僕は初演時の『クレオパトラ』のツアーも観ているので今回が2度目の鑑賞になるのだが、やはり2度目の方が感慨深く観られる。今回特に唸らされたのはクレオパトラがカエサルに初めて謁見する官能的な場面で、4群に分かれたオーケストラが全く異なる音楽を同時並行させる前衛性で名高い「イスパハンの市場」(『アラディン』より)が使用されている。初演時に観たときは「舞台上にクレオパトラとカエサルの2人しかいないのに、何故4声部からなる音楽を使うのだ?」と疑問に思った。しかし2度目となる今日の鑑賞で、当時の自分の感性が浅はかであったことを思い知った。確かに踊っているのは2人だが、巧みな照明によって彼らの影が壁面に多重に映り、まるで6人以上の大人数が躍っているように見えていたのだ。
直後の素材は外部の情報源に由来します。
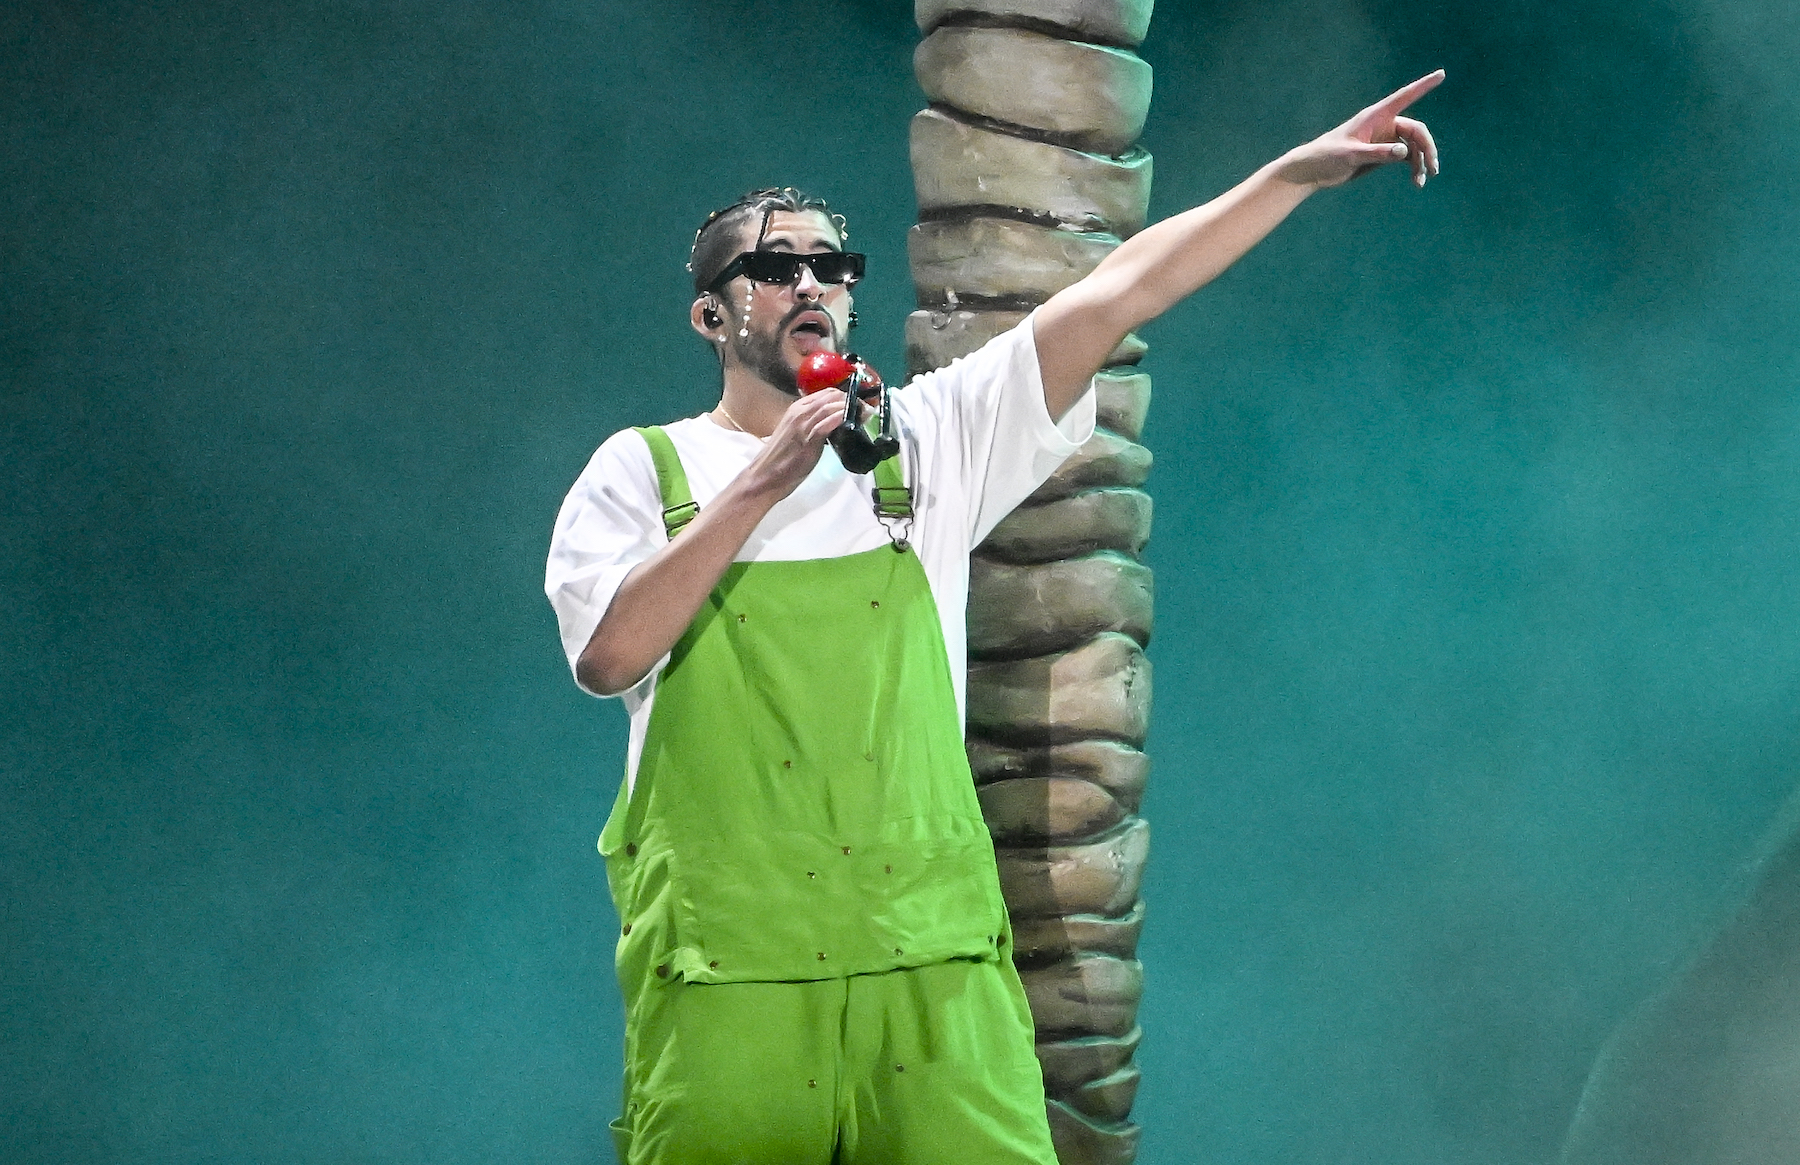 Bad Bunny, who is nominated for 8 AMAs, performing wearing green

そしてこれは、人物は2人であっても、その中に「謀略家」「権力者」「女」「男」…など実に様々な顔があり、それらが入り乱れて目眩のするような駆け引きを繰り広げていることの暗喩であろう。その膨大な人格の乱舞を表現するのに、「イスパハンの市場」を引用したのは慧眼というほかない。
クレオパトラが死を決意する最後の場面では、クレオパトラ役の浅川紫織が壮絶な演技によって、あまりにも多くの悲劇を背負い過ぎた一人の人間の激烈な人生を振り返る。ここでの音楽は前述の「祝祭行進曲」(『アラディン』)である。
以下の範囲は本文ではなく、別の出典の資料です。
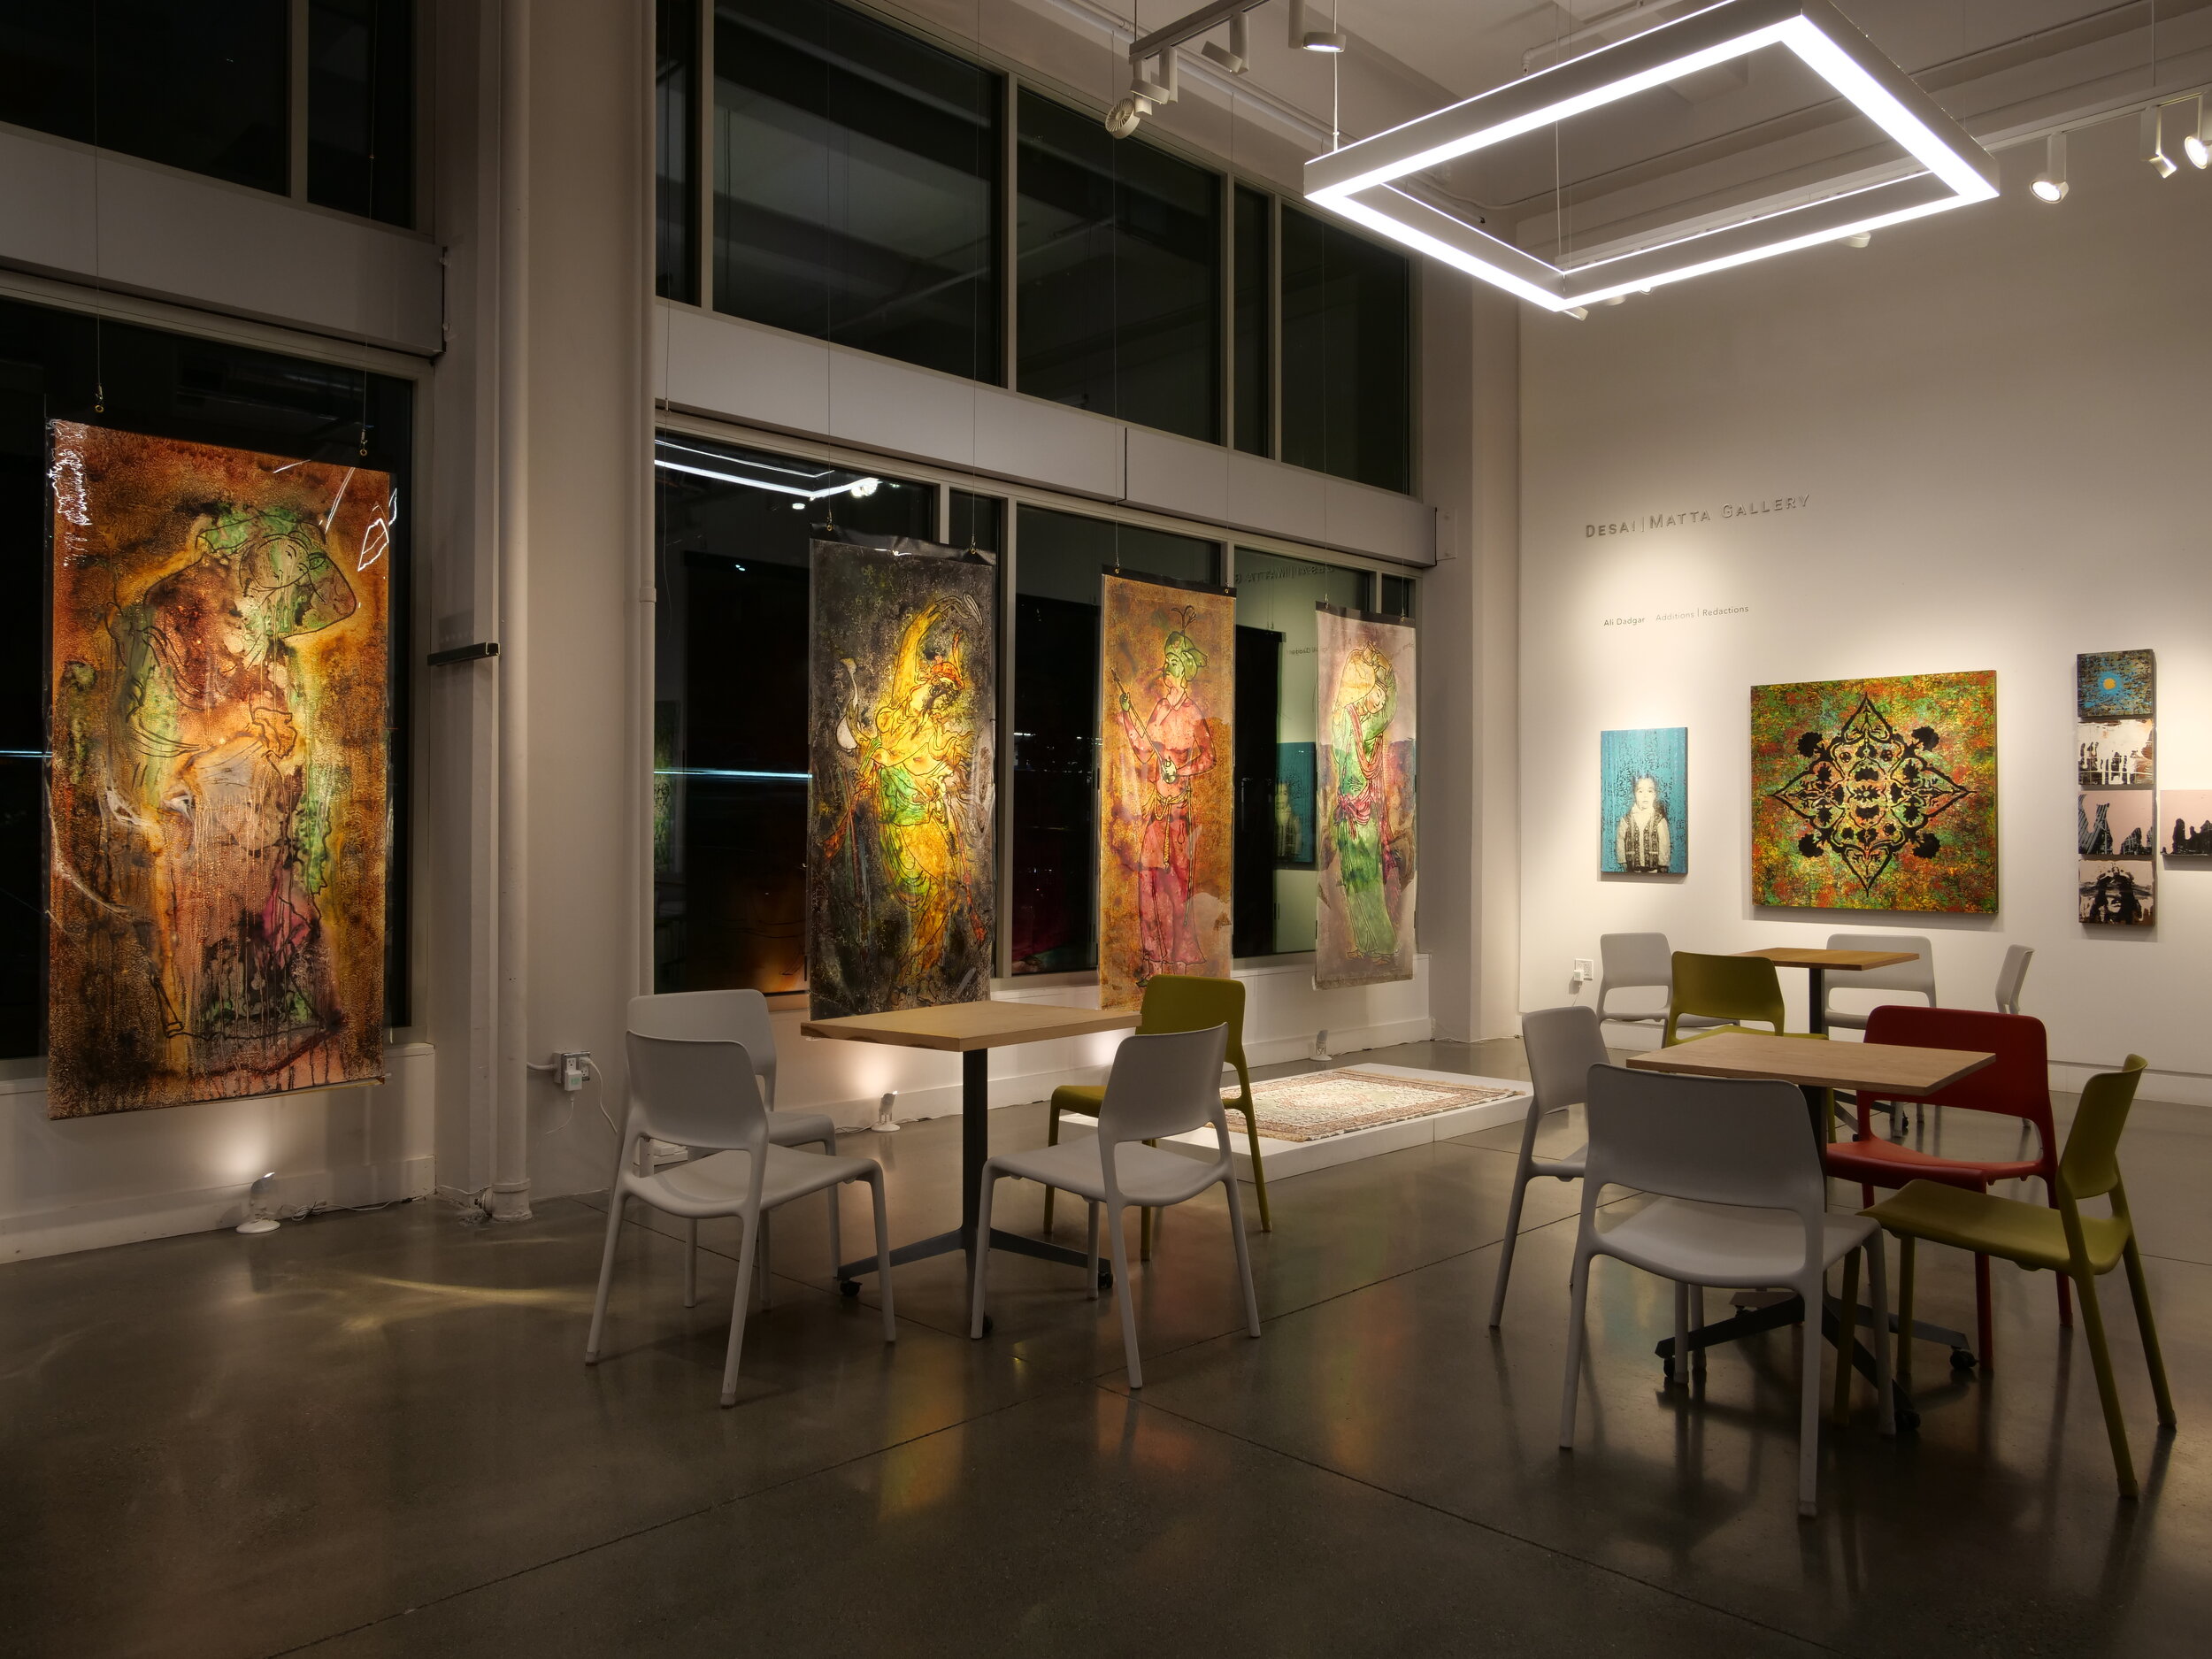 Gallery view of four large panels featuring figures in warm tones hung along the windows.

ソワレはサントリーホールに移動して、巨匠ブロムシュテットが指揮するNHK響を聴く。
前半はグリーグのピアノ協奏曲で、ブロムシュテットは遅い悠然たるテンポでオーケストラを歌わせて大陸的に広いイメージを抱かせる。対照的にソリストのムストネンは、動機を鋭いアタックで弾き始めるもすぐに減衰するスタイルで徹底し、一瞬で溶けて消える雪のような印象を受ける。このようにソロとオーケストラの様相が正反対であることによって、重厚感を担当するオーケストラと煌めきを担当するピアノ・ソロ、というように役割分担をしているように感じられ、多層的な充実感を感じさせる演奏になっていた。
そして後半がニルセンの交響曲第3番『エスパンシーヴァ』で、今日のニルセン尽くしの締めくくりだ。前半のグリーグとは対照的に、テンポの推進力に惹き込まれる動的な演奏だった。
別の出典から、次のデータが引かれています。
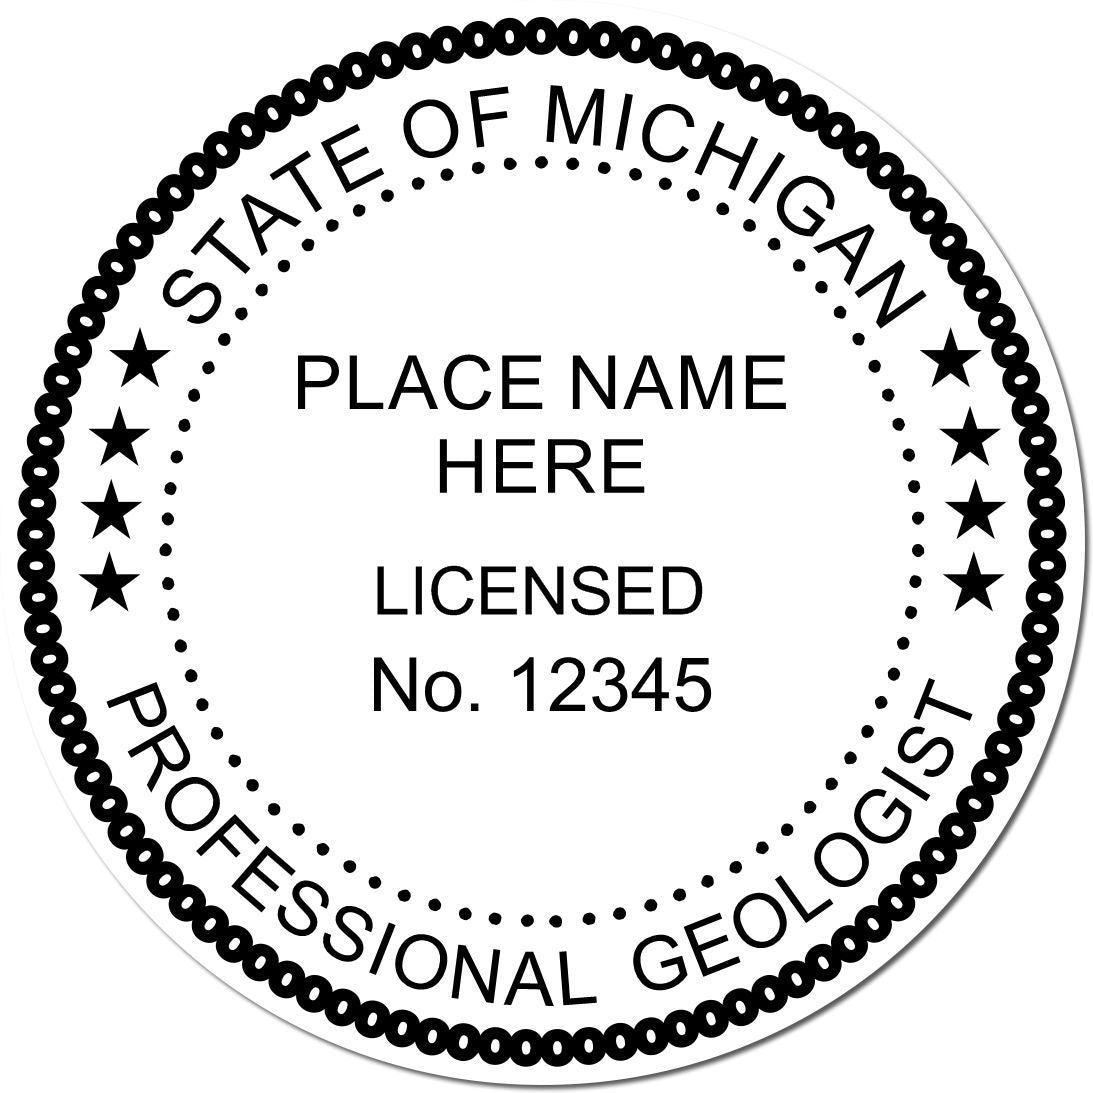 This paper is stamped with a sample imprint of the Slim Pre-Inked Michigan Professional Geologist Seal Stamp, signifying its quality and reliability.

冒頭のユニゾンの打ち込みは爆音ではなくむしろ端正だが、かえってリズムが印象深く記憶に残る。そのことで、全曲にわたって回想される簡潔なリズムに既視感を覚えることになり、全曲の統一感が生まれていた。そのほかにも例えば、第1楽章で印象深く鳴らされたトランペットのトレモロが、フィナーレでホルンのトリルとなって再帰するなど、全曲を通しての説得力ある統一感が印象的な演奏であった。昼間に『クレオパトラ』を観た印象が残っているため、ニルセンの音楽には壮絶な人生を反映できるようなエネルギーに満ちていることを強く感じる。それに加えて、今日のブロムシュテットによる説得力ある交響曲の演奏では、ひとつの完結した小宇宙という絶対音楽ならではの崇高さを感じた。
中でもこの第3交響曲は、第2楽章のヴォカリーズを筆頭に、実に微細な音楽表現が盛り込まれている。まるで森羅万象を短い演奏時間に集約したような作品であり、それを強く印象付ける演奏であった。
それにしても、ブロムシュテットのテンポ設定は素晴らしい。フレーズを納めるリタルダンドなどが、単に見えを切っているのでなく、その次に来る新たなテンポを導入する布石となっていることを強く感じさせ、テンポの緩急によって曲全体に呼吸を持った推進力がもたらされているのだ。特に終楽章の終盤近くでは、目的地に向かって音楽が自然に吸い寄せられていくような圧倒的な推進力が聞かれた。これはネーメ・ヤルヴィが得意とする表現だが、まさにライヴで音楽を聴く醍醐味の一つである。実に贅沢なニルセン尽くしの一日であった。